DATASET CONTENT →
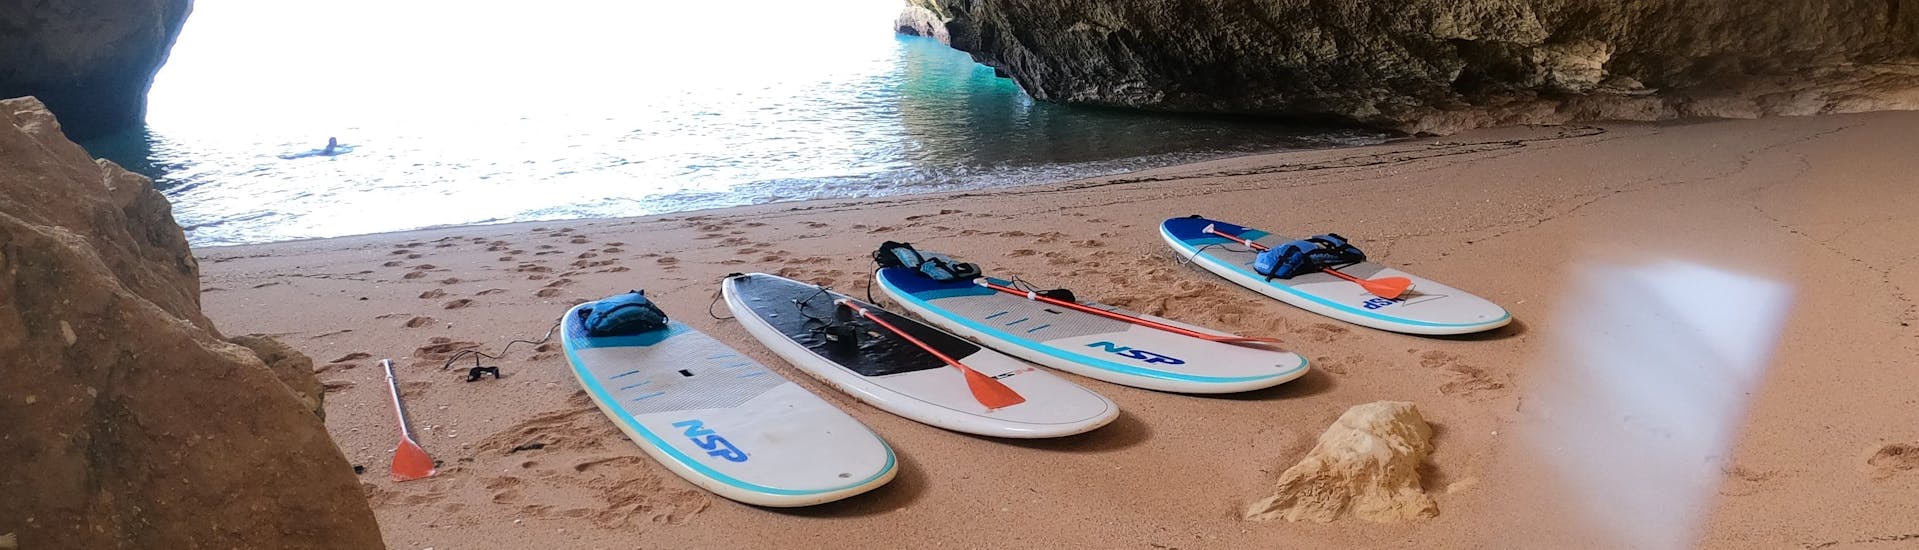 The boards are on the sand while we are exploring the caves during the Guided Stand Up Paddle Tour to the Benagil Caves with SUPA Sea Adventures Algarve.
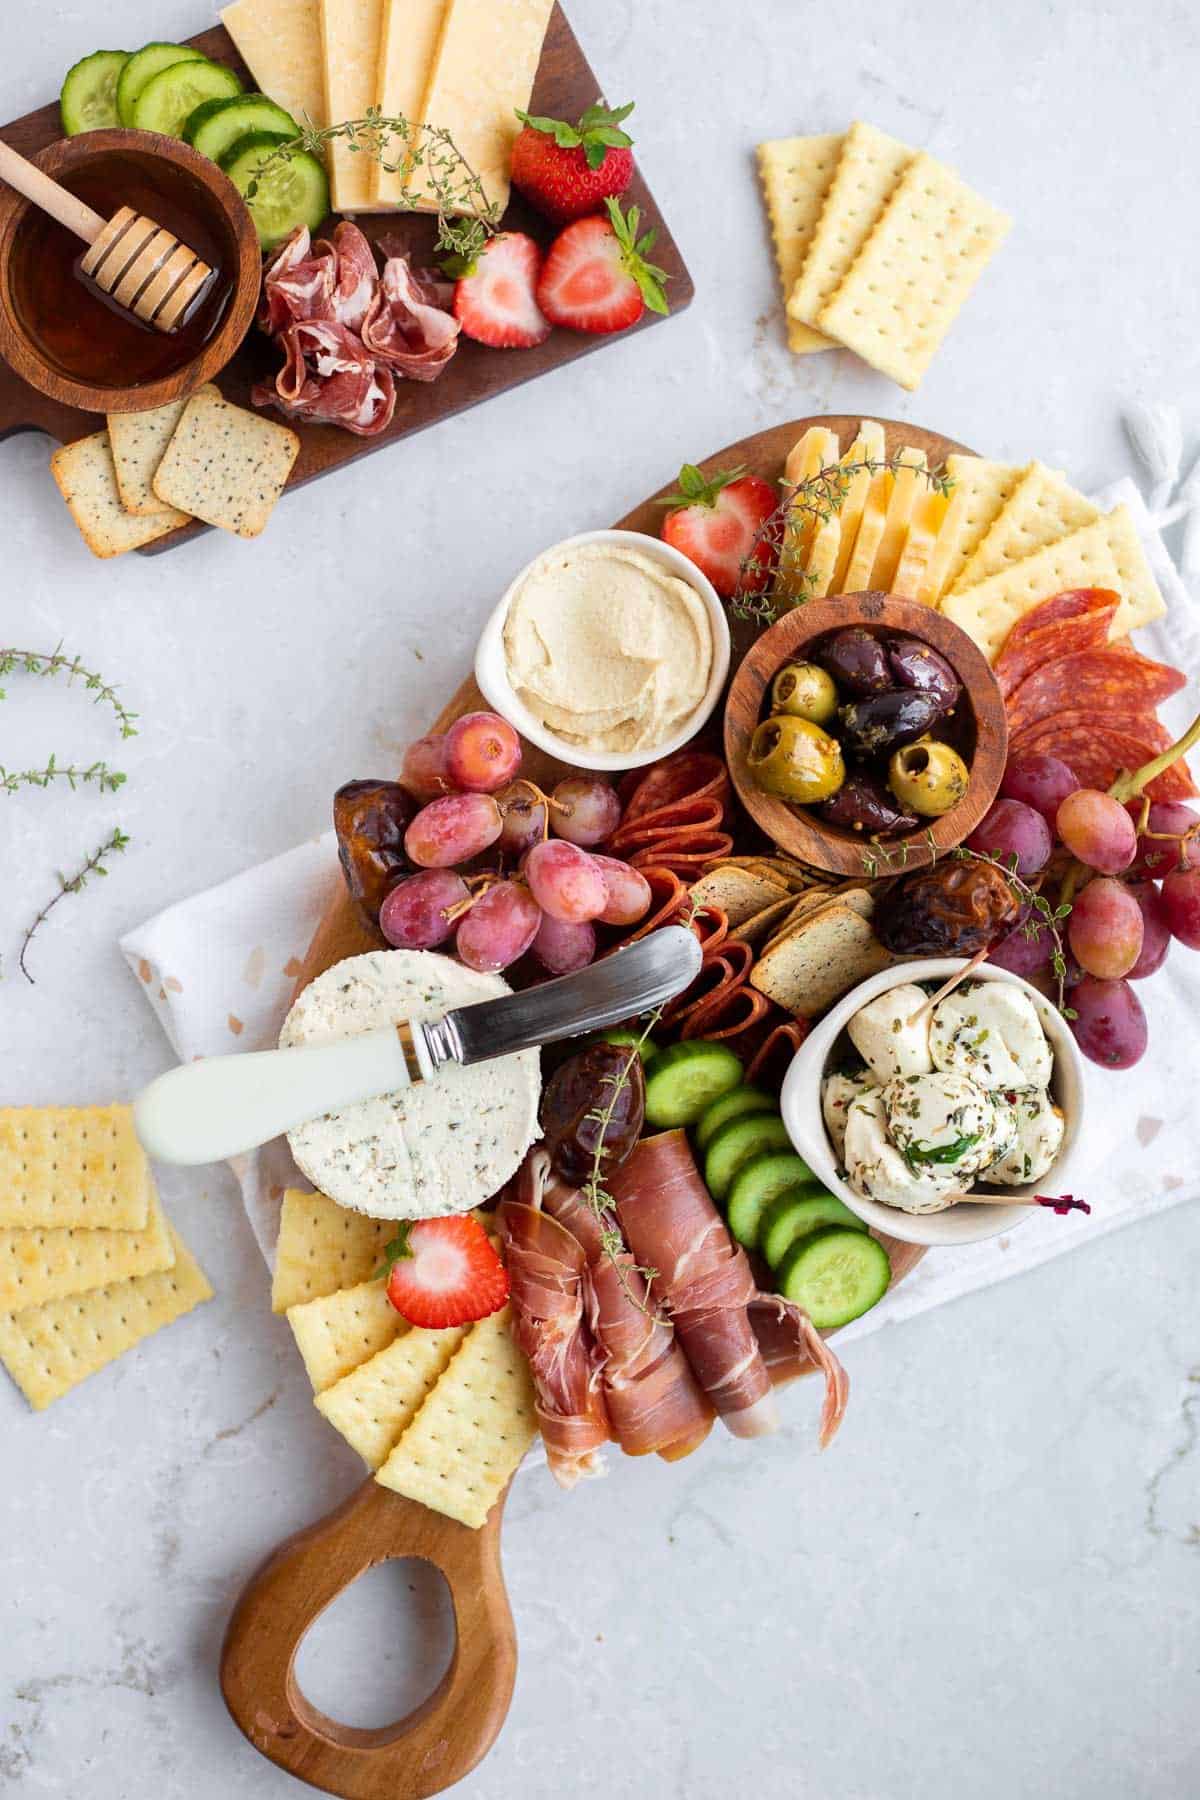 small charcuterie board full of meats, cheese, and vegetables on a white backdrop.
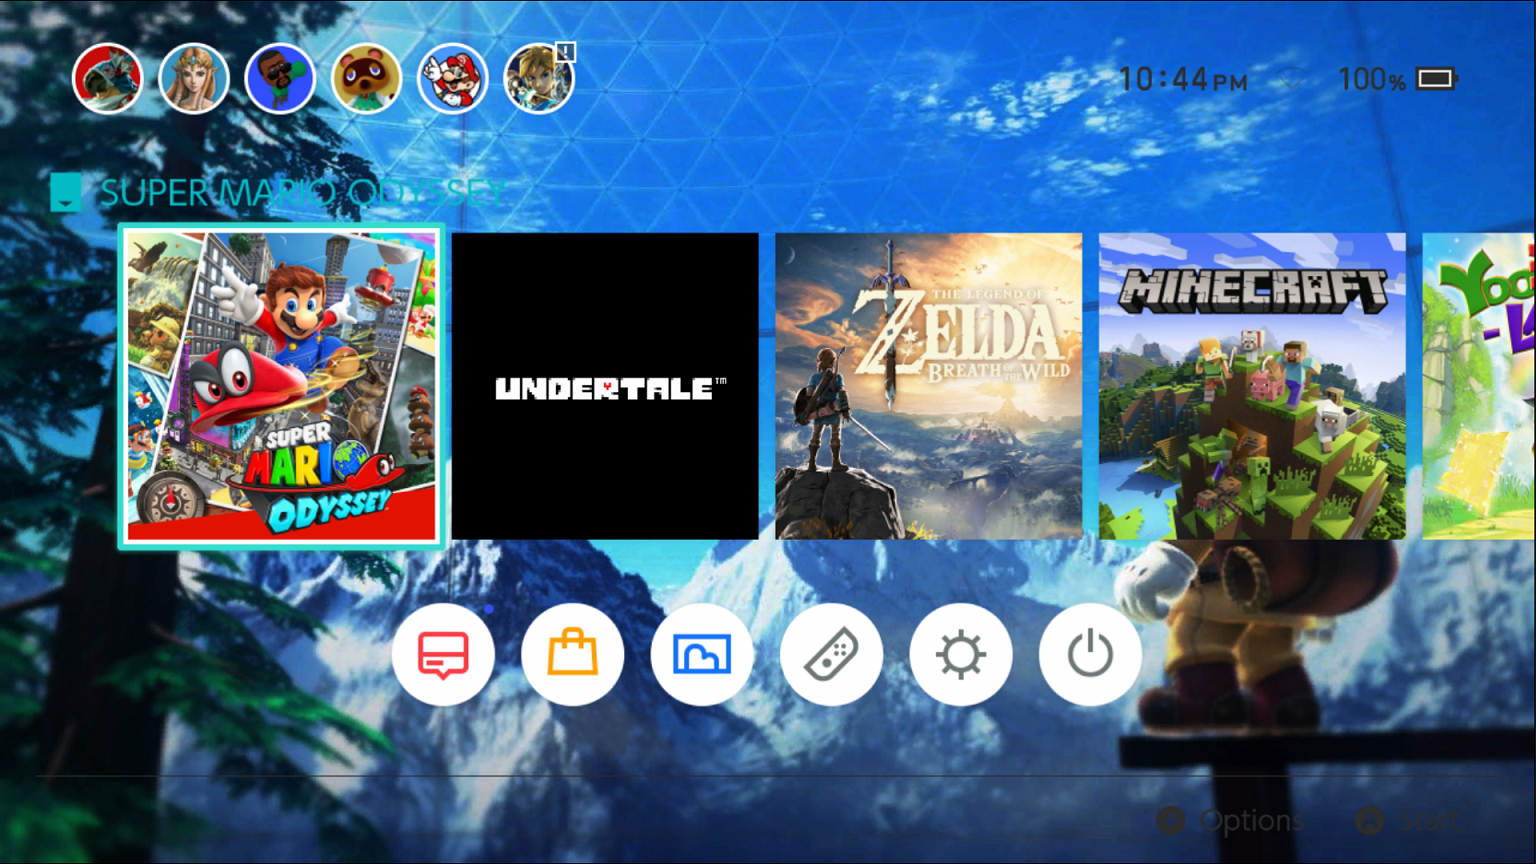 Custom themes arrive on Switch via homebrew | GBAtemp.net - The Independent  Video Game Community

INSTRUCTIONS FOR THE TASK → Go through the listing above and quote it exactly, apart from its images.

RESULT OF THE EXERCISE →
 The boards are on the sand while we are exploring the caves during the Guided Stand Up Paddle Tour to the Benagil Caves with SUPA Sea Adventures Algarve.
 small charcuterie board full of meats, cheese, and vegetables on a white backdrop.
 Custom themes arrive on Switch via homebrew | GBAtemp.net - The Independent  Video Game Community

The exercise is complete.